The facts presenting the question involved upon this appeal are simple and not the subject of controversy.
The Broadway Railroad Company for many years prior to 1893 had been a street surface railroad corporation owning and operating a double-track street surface railroad on Broad way and other streets in the city of Brooklyn. On May 28, 1893, it caused to be filed and recorded a certificate of extension of its road between certain limits upon Saratoga avenue in said city. On July 24, 1893, the common council of said city granted its consent to said railroad company to construct, maintain and operate said proposed extension. In November, 1893, the Brooklyn, Queens County and Suburban Railroad Company, the petitioner herein, was duly incorporated as a street surface railroad corporation, and upon January 16, 1894, being then the lessee of the rights, property and franchises of the Broadway Railroad Company, took a surrender and transfer of all the capital stock of said latter company which thereby became merged into and with the Brooklyn, Queens County and Suburban Railroad Company, which in turn thereby became the owner of, amongst other property, the right, privilege and franchise above referred to, to construct and operate the extension in Saratoga avenue. Some time between January 16, 1894, and September 30, 1903, the petitioner obtained the requisite consents of property owners for the construction of said extension, but down to the time of the institution of this proceeding at said latter date it had never taken any steps to commence or complete the construction of the same.

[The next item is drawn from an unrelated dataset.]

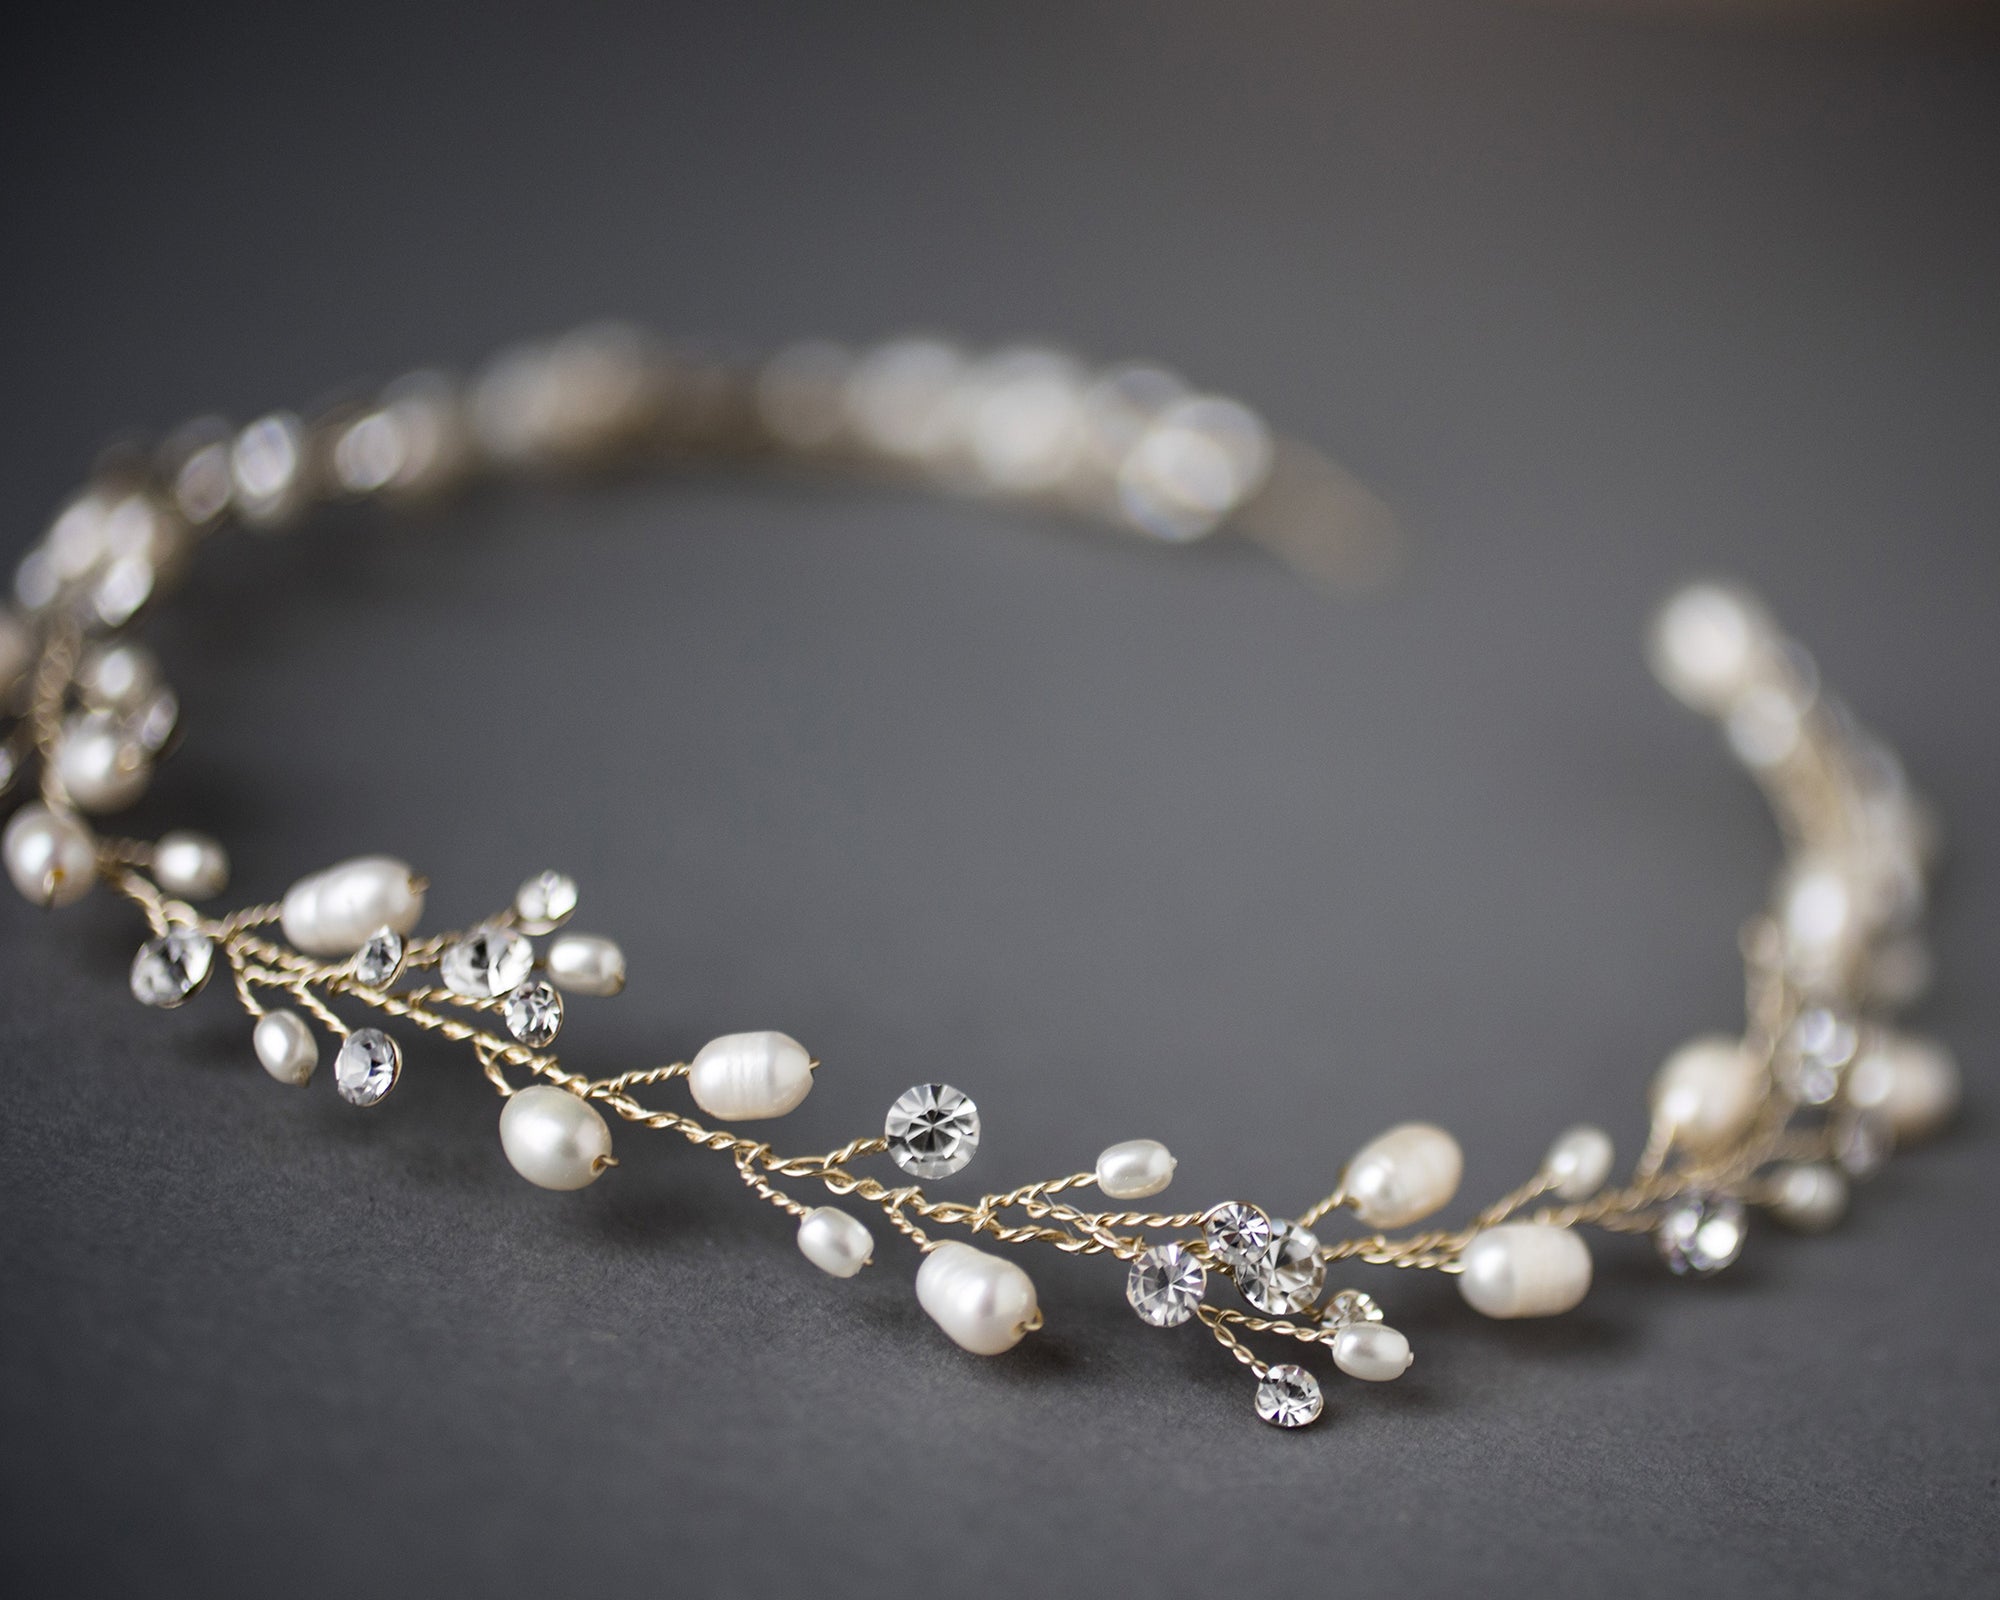 Wedding Hair Vine Headband of Freshwater Pearls and Rhinestones - Cassandra Lynne

Section 5 of the Railroad Law above referred to at the time its franchise was granted to petitioner and for several years thereafter, so far as applicable, provided: "If any domestic railroad corporation shall not, within five years after its certificate of incorporation is filed, begin the construction of its road and expend thereon ten per centum of the amount of its *Page 176 
capital, or shall not finish its road and put it in operation in ten years from the time of filing such certificate, its corporate existence and powers shall cease." This section is found in article 1 of the Railroad Law, which concededly is applicable to steam railroads.
Section 99 of said law, so far as applicable at the times in question, provided: "In case any such (street surface railroad) corporation shall not commence the construction of its road, or of any extension or branch thereof within one year after the consent of the local authorities and property owners, or the determination of the General Term as herein required, shall have been given or renewed, and shall not complete the same within three years after such consents, its rights, privileges and franchises in respect to such railroad extension or branch, as the case may be, may be forfeited."
This provision is found in article IV of said Railroad Law which relates solely to street surface railroads. From this fact and for various reasons claimed to be deducible therefrom or in connection therewith, the learned counsel for the appellant argues that it repeals or at least excludes the operation of section 5 heretofore quoted, upon street surface railroads.
The importance of this contention so far as this proceeding is concerned is that the provisions of section 5 are concededly self-executing and, if applicable, have forfeited petitioner's rights to its franchise for the extension in question, while the provisions of section 99 are only the basis for forfeiture proceedings which have never been taken.
Some decisions have been made by this court which at the outset help to guide us to the adverse answer which we have determined to make to the appellant's contention.
In 1850 the general act to authorize the formation of railroad corporations was adopted, being chapter 140 of the laws of that year. Chapter 775 of the Laws of 1867 amended said act of 1850, by providing that if any corporation formed under the latter "shall not, within five years after its articles of association are filed and recorded in the office of the secretary of state, begin the construction of its road, and expend *Page 177 
thereon ten per cent. on the amount of its capital, or shall not finish its road and put it in operation in ten years from the time of filing its articles of association, as aforesaid, its corporate existence and powers shall cease."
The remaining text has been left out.